Jesus does not leave room for doubt: God -- whose face he himself has revealed -- is the God of life, who frees us from all evil. The signs of this, his power of love are the healings that he carries out: He thus shows that the Kingdom of God is near, restoring men and women to their full integrity in spirit and body. I refer to these healings as signs: They guide toward the message of Christ, they guide us toward God and make us understand that man's truest and deepest illness is the absence of God, who is the fount of truth and love. And only reconciliation with God can give us true healing, true life, because a life without love and without truth would not be a true life. The Kingdom of God is precisely the presence of truth and love, and thus it is healing in the depths of our being.

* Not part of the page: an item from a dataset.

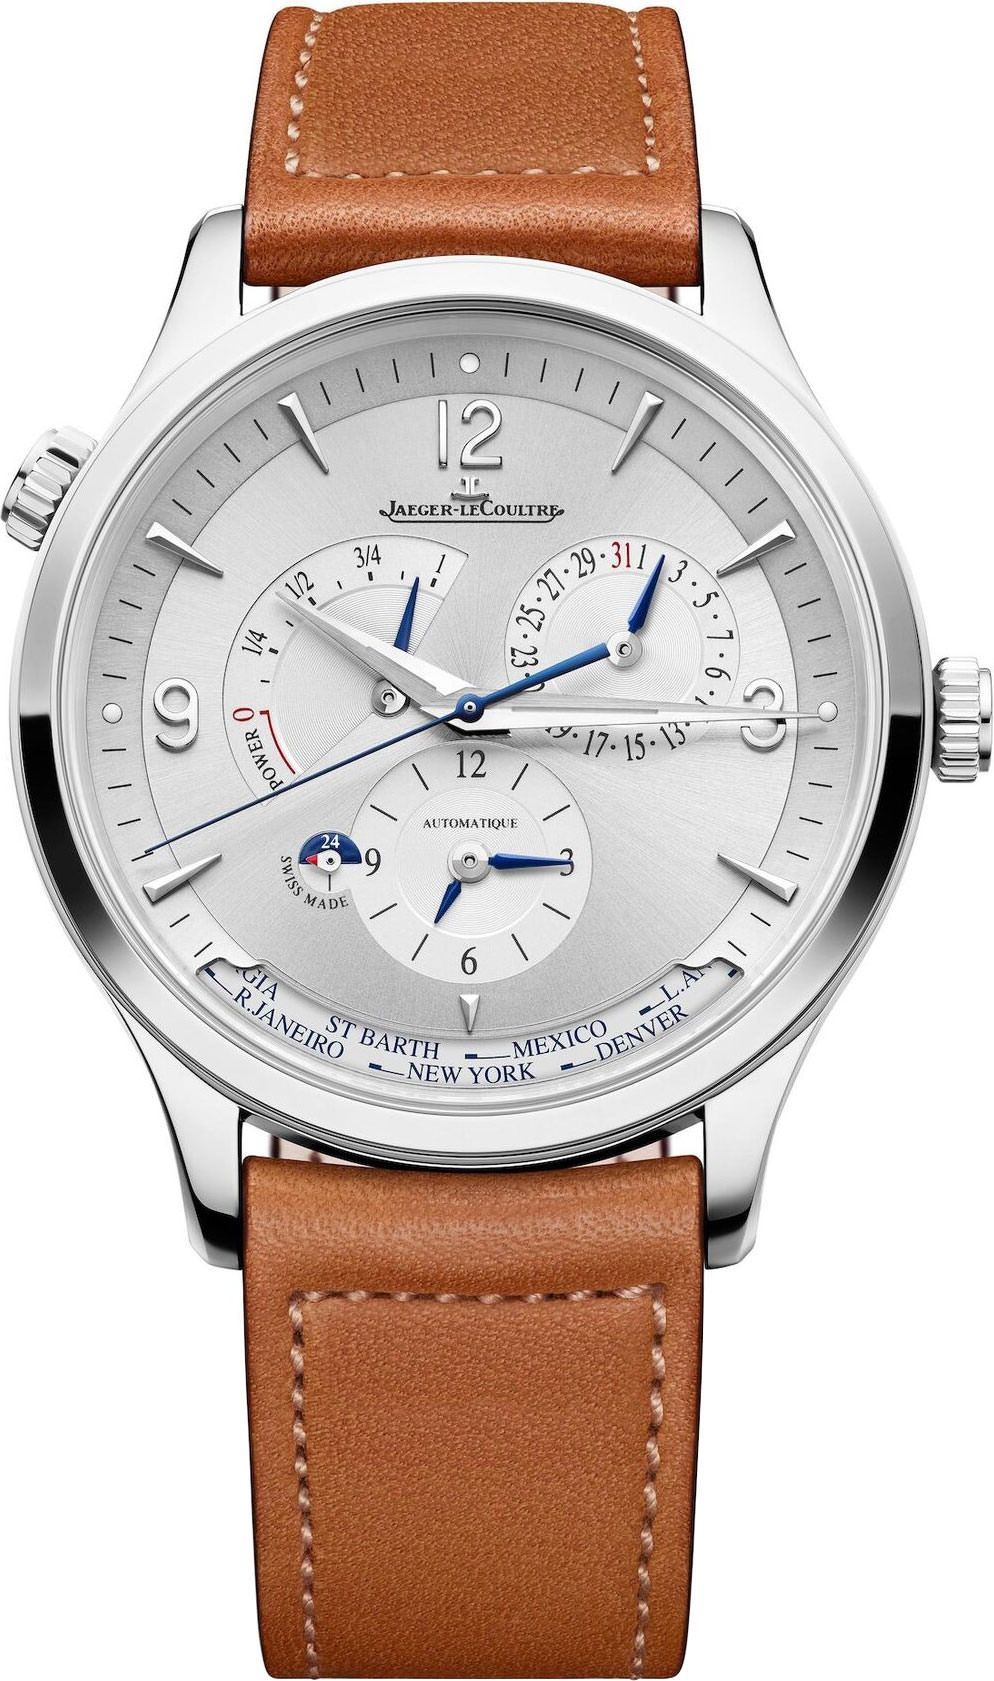 Jaeger-LeCoultre Master Control 40 mm Watch in Silver Dial

Thanks to the action of the Holy Spirit, the work of Jesus is prolonged in the mission of the Church. Through the sacraments, it is Christ who communicates his life to the multitude of brothers and sisters, as he cures and comforts innumerable sick people through so many activities of health care service that Christian communities promote with fraternal charity, thereby showing the face of God, his love. It is true: How many Christians all over the world -- priests, religious and laypeople -- have given and continue giving their hands, eyes and hearts to Christ, true physician of bodies and souls!

Let us pray for all the ill, especially for those who are most grave, and who can in no way take care of themselves, but depend entirely on the care of others; may every one of them be able to experience, in the solicitude of those who are near to them, the power of the love of God and the richness of his grace that saves us. Mary, health of the sick, pray for us.